▸ **Assignment**
With pictures omitted, output the records below exactly as they appear.

▸ **Dataset records**
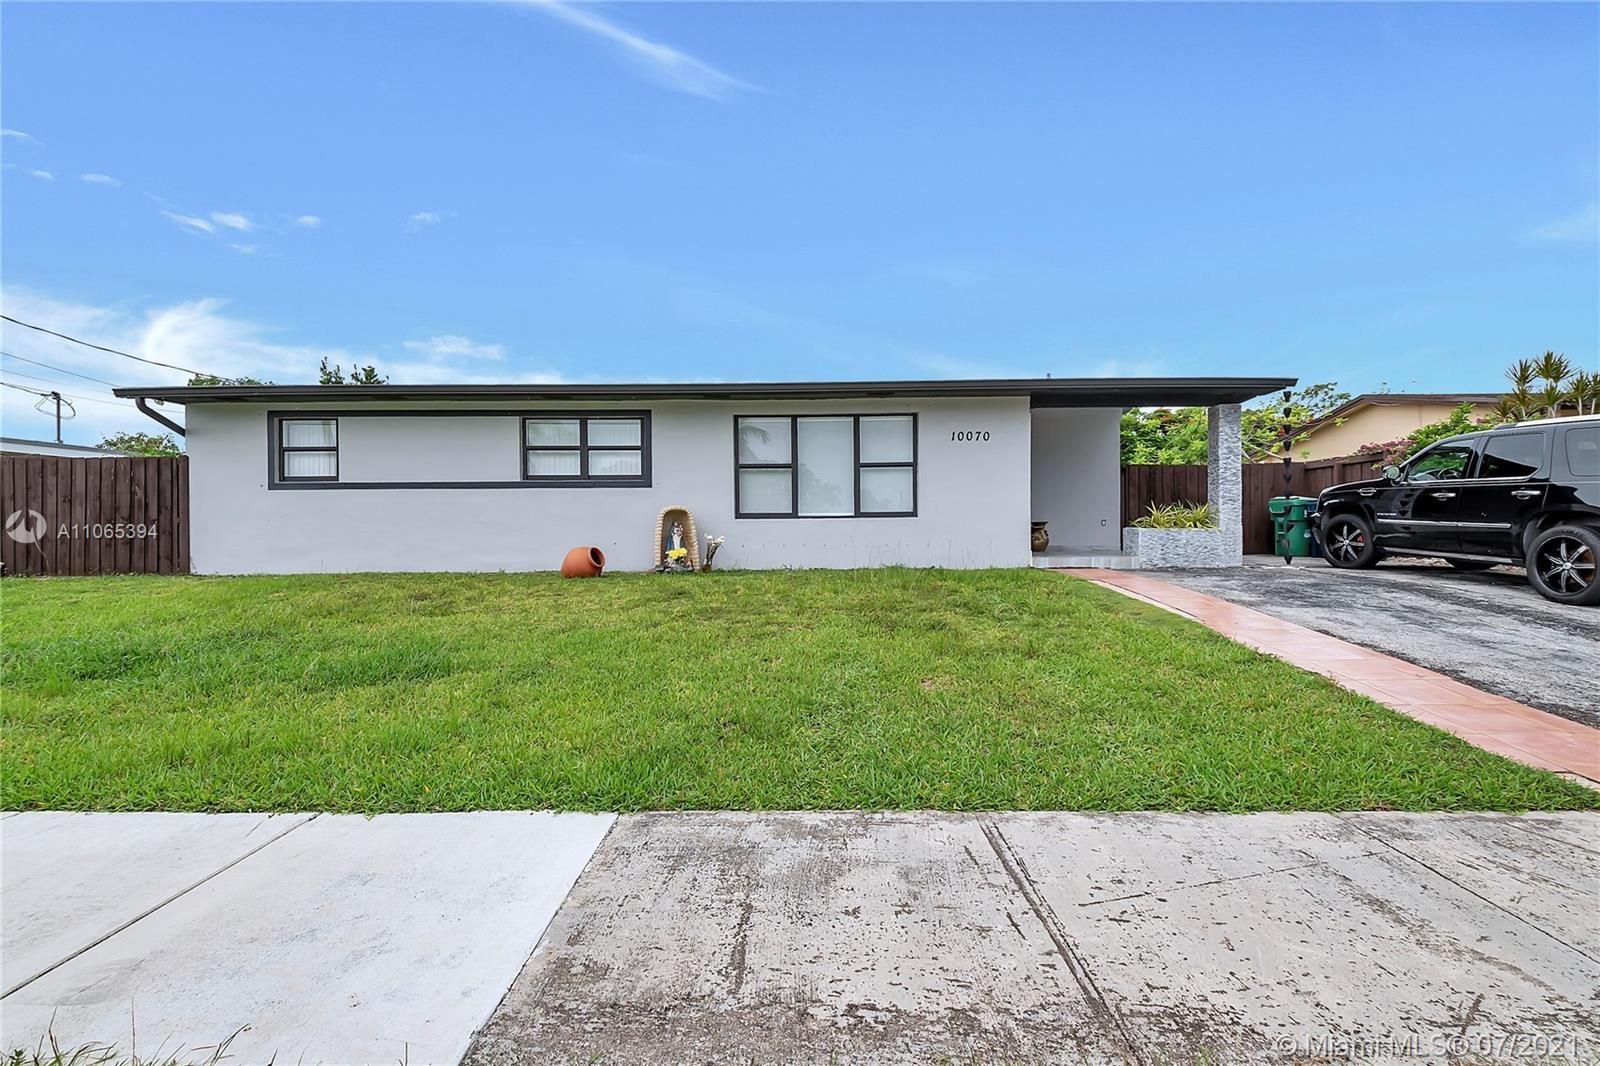 10070 SW 215th St, Cutler Bay, FL 33189 - #: A11065394
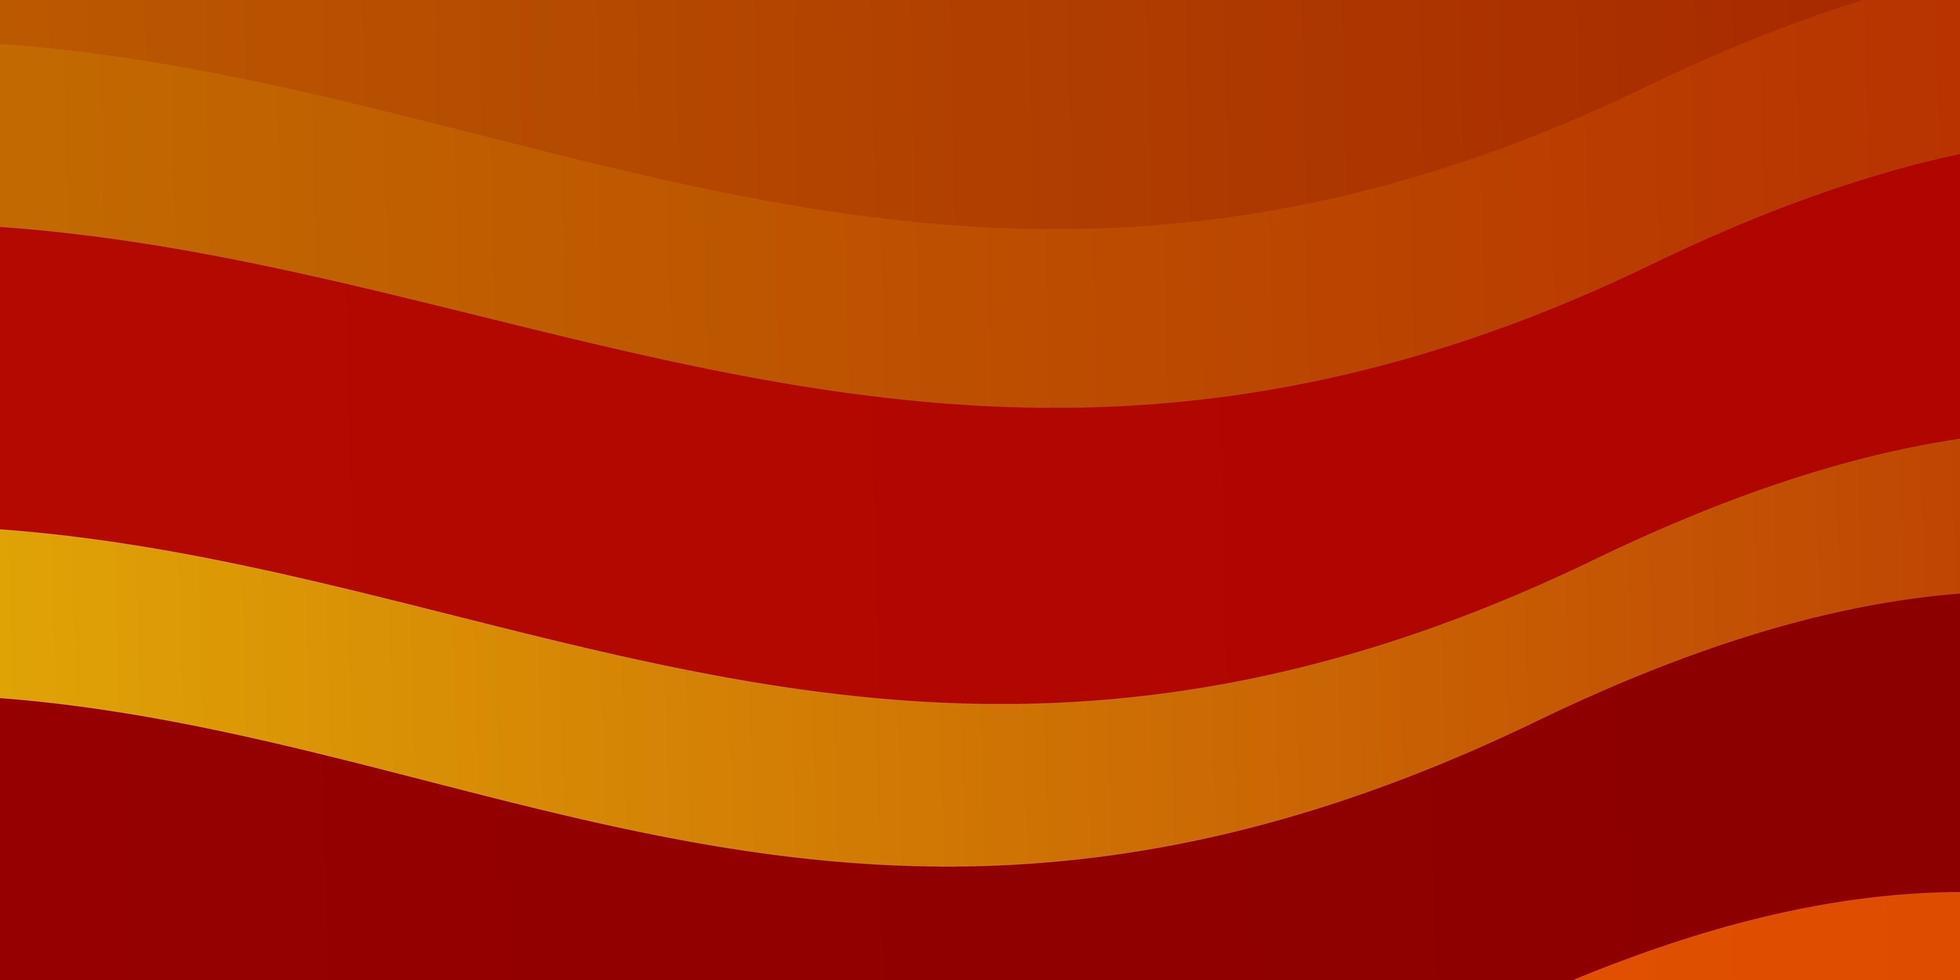 ljus orange vektor bakgrund med böjda linjer.
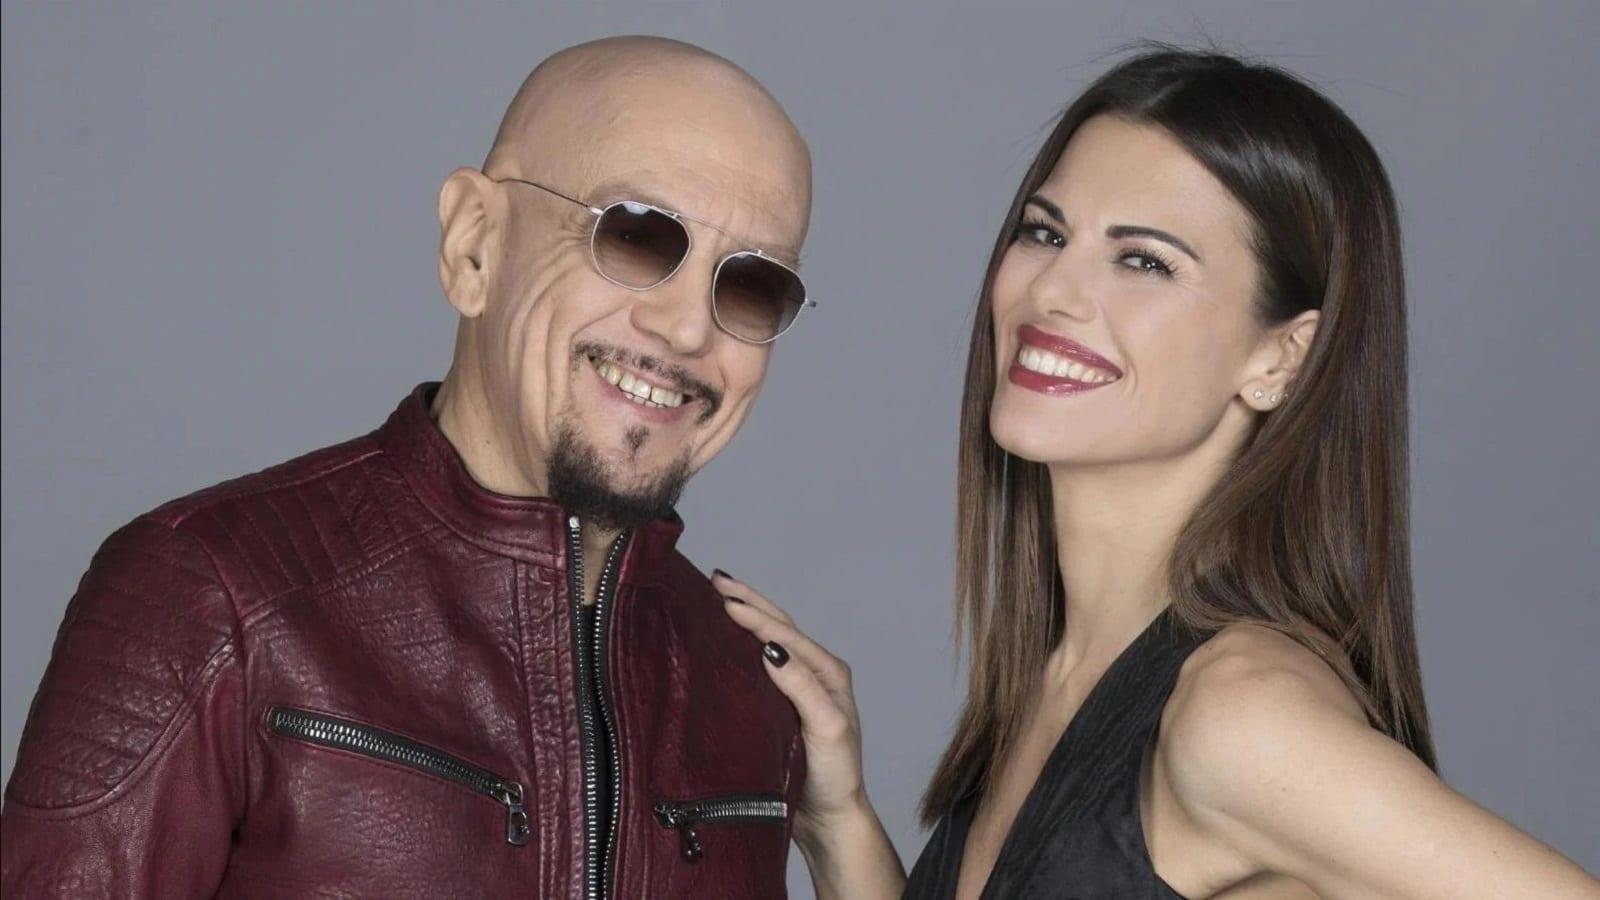 Live 7 marzo 2020: Una storia da cantare, Ultima puntata, con Enrico Ruggeri e Bianca Guaccero, su Rai 1
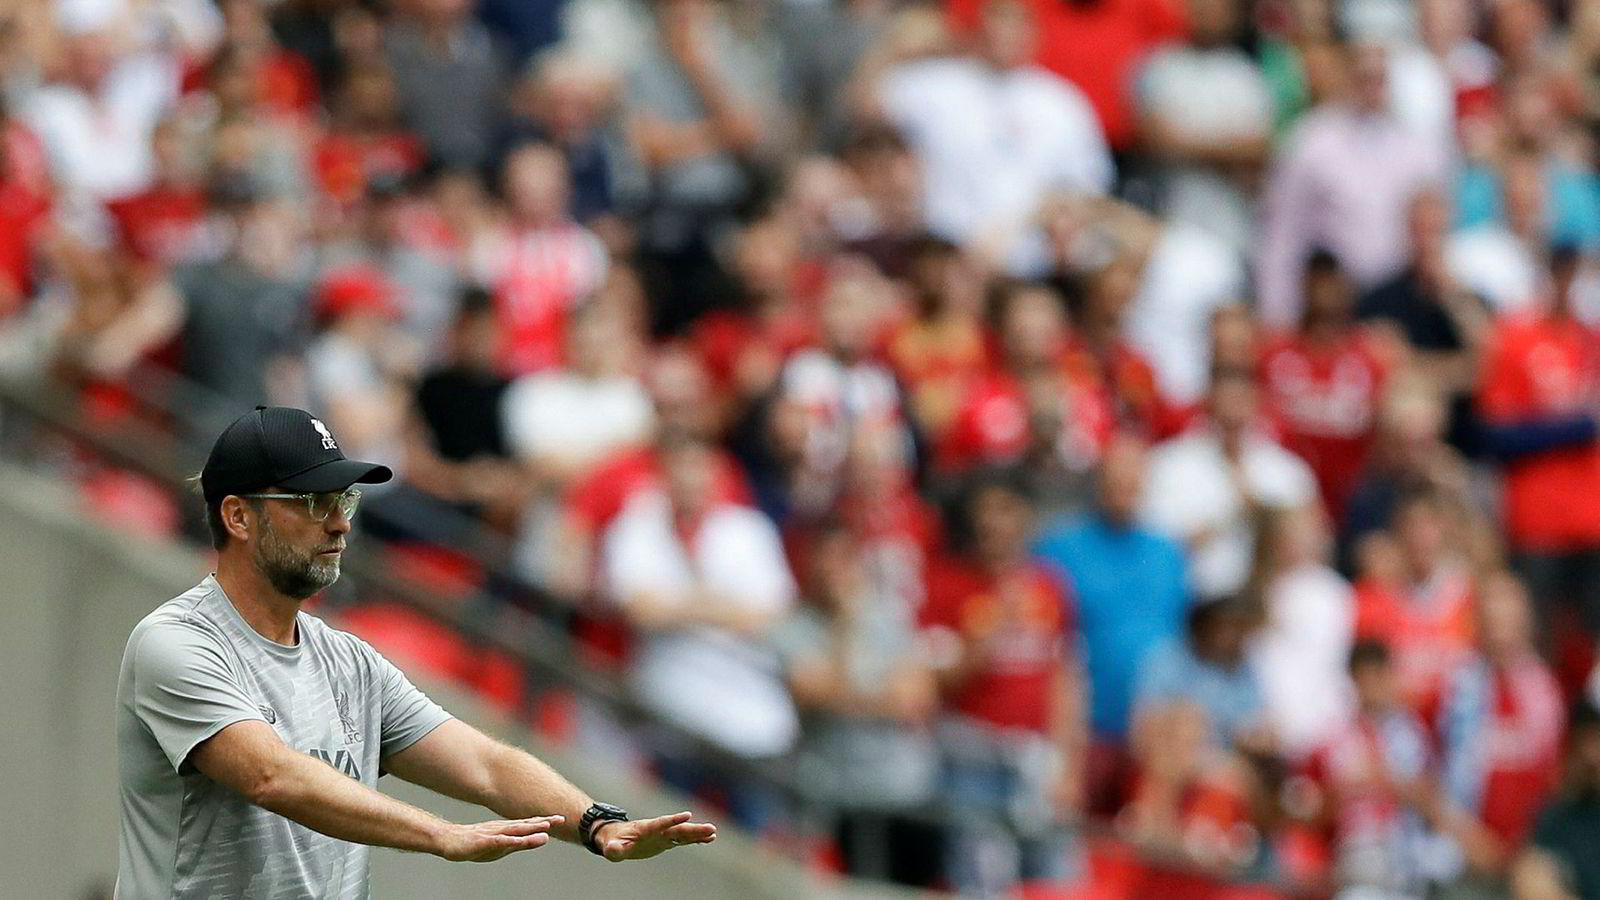 Jürgen Klopp, her i aksjon mot Manchester City søndag, blir å se på stadig flere TV-skjermer denne sesongen.
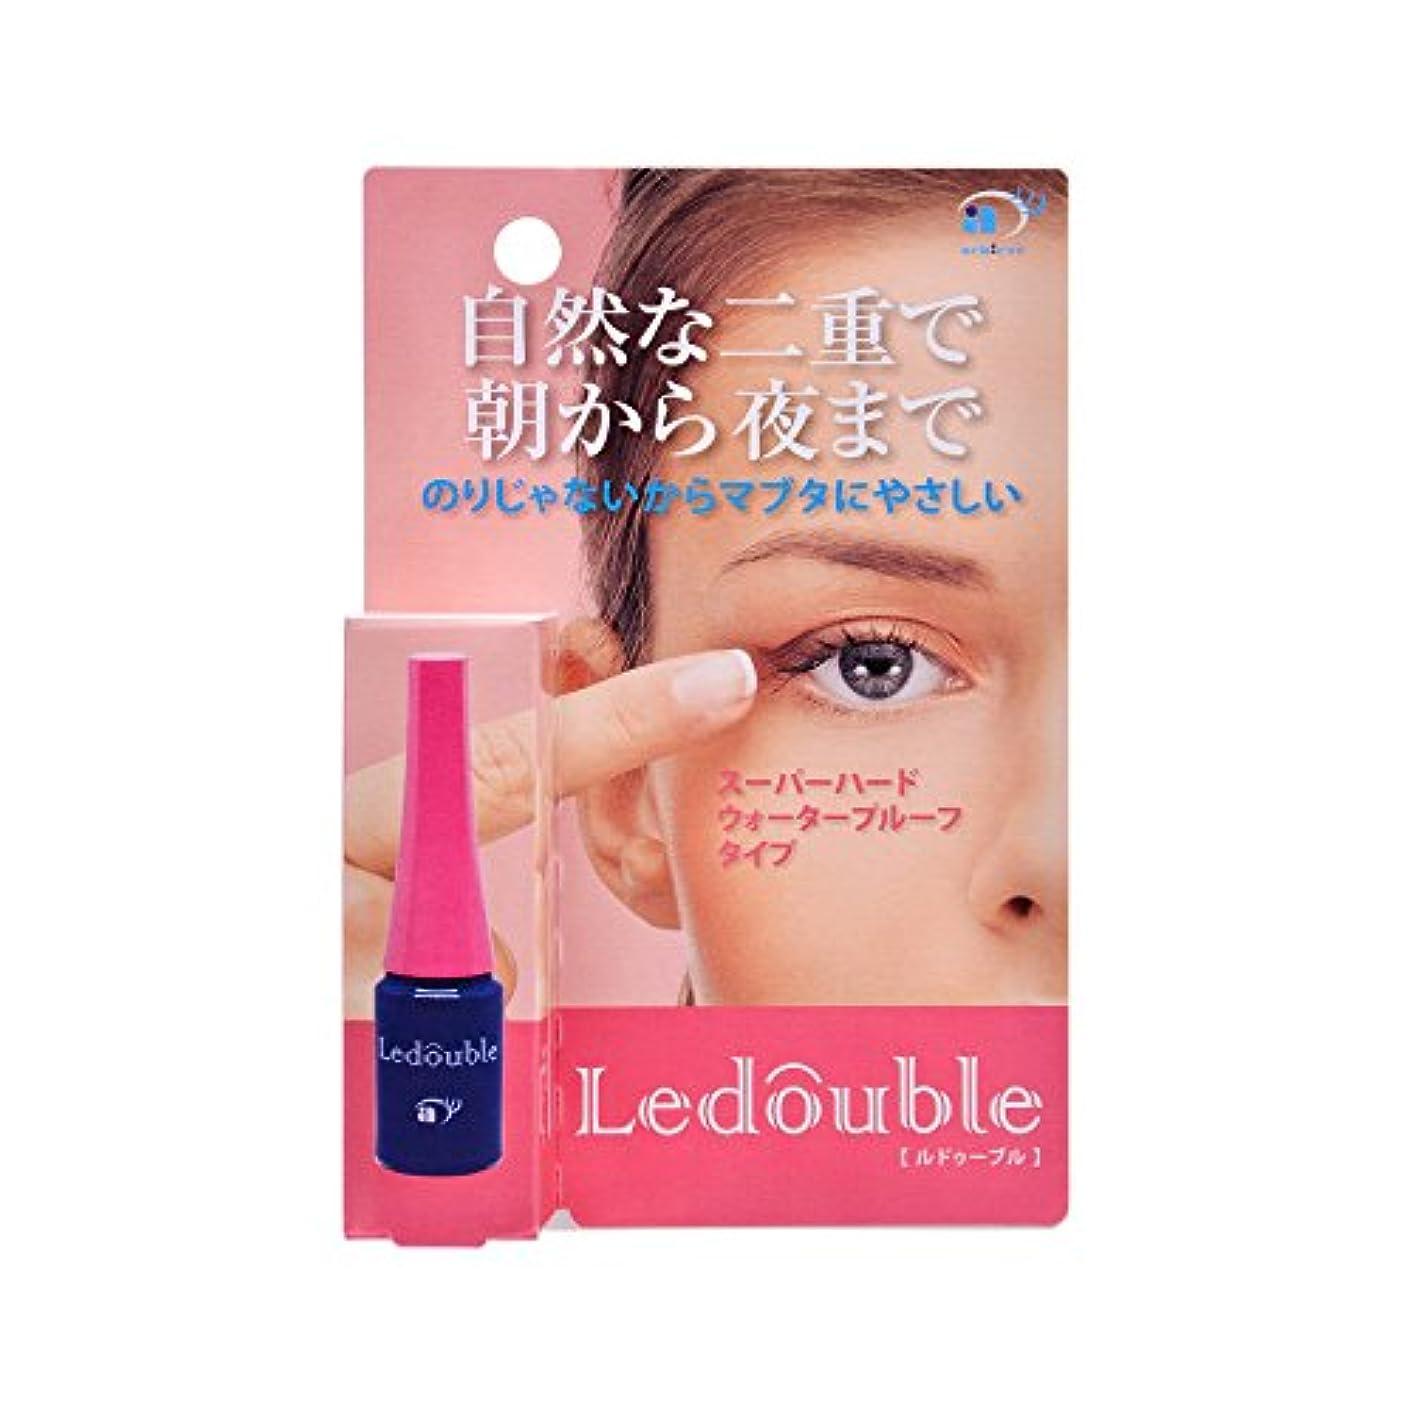 誇張する熟練した爪Ledouble [ルドゥーブル] 二重まぶた化粧品 (2mL)

▸ **Response area**
 10070 SW 215th St, Cutler Bay, FL 33189 - #: A11065394
 ljus orange vektor bakgrund med böjda linjer.
 Live 7 marzo 2020: Una storia da cantare, Ultima puntata, con Enrico Ruggeri e Bianca Guaccero, su Rai 1
 Jürgen Klopp, her i aksjon mot Manchester City søndag, blir å se på stadig flere TV-skjermer denne sesongen.
 誇張する熟練した爪Ledouble [ルドゥーブル] 二重まぶた化粧品 (2mL)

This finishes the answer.